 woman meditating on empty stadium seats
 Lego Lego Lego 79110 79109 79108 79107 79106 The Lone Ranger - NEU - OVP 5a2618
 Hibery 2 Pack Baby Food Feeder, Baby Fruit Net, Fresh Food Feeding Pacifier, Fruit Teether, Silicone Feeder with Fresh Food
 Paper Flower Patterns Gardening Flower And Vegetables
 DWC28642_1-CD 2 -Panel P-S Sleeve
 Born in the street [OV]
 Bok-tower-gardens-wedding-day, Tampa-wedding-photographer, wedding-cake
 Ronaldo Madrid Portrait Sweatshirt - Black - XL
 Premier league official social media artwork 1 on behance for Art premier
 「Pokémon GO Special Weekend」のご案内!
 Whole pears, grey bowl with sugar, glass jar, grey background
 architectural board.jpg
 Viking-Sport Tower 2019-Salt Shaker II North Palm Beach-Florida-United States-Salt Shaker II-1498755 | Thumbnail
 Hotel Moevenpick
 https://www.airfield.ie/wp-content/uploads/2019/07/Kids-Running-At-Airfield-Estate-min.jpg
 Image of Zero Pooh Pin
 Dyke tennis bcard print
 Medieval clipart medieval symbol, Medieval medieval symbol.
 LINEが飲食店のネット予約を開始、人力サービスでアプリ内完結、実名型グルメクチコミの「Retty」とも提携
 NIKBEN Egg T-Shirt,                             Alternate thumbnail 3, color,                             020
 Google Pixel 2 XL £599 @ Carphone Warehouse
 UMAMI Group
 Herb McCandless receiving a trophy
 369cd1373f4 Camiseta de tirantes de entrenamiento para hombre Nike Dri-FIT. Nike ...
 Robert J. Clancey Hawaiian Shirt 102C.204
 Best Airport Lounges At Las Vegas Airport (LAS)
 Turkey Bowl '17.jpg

==*==

--- WORK ITEM ---
A word-for-word restatement of the records above from the line containing "Robert J. Clancey Hawaiian Shirt 102C.204" to their final line is all the answer should hold.

--- EXERCISE RESULT ---
 Robert J. Clancey Hawaiian Shirt 102C.204
 Best Airport Lounges At Las Vegas Airport (LAS)
 Turkey Bowl '17.jpg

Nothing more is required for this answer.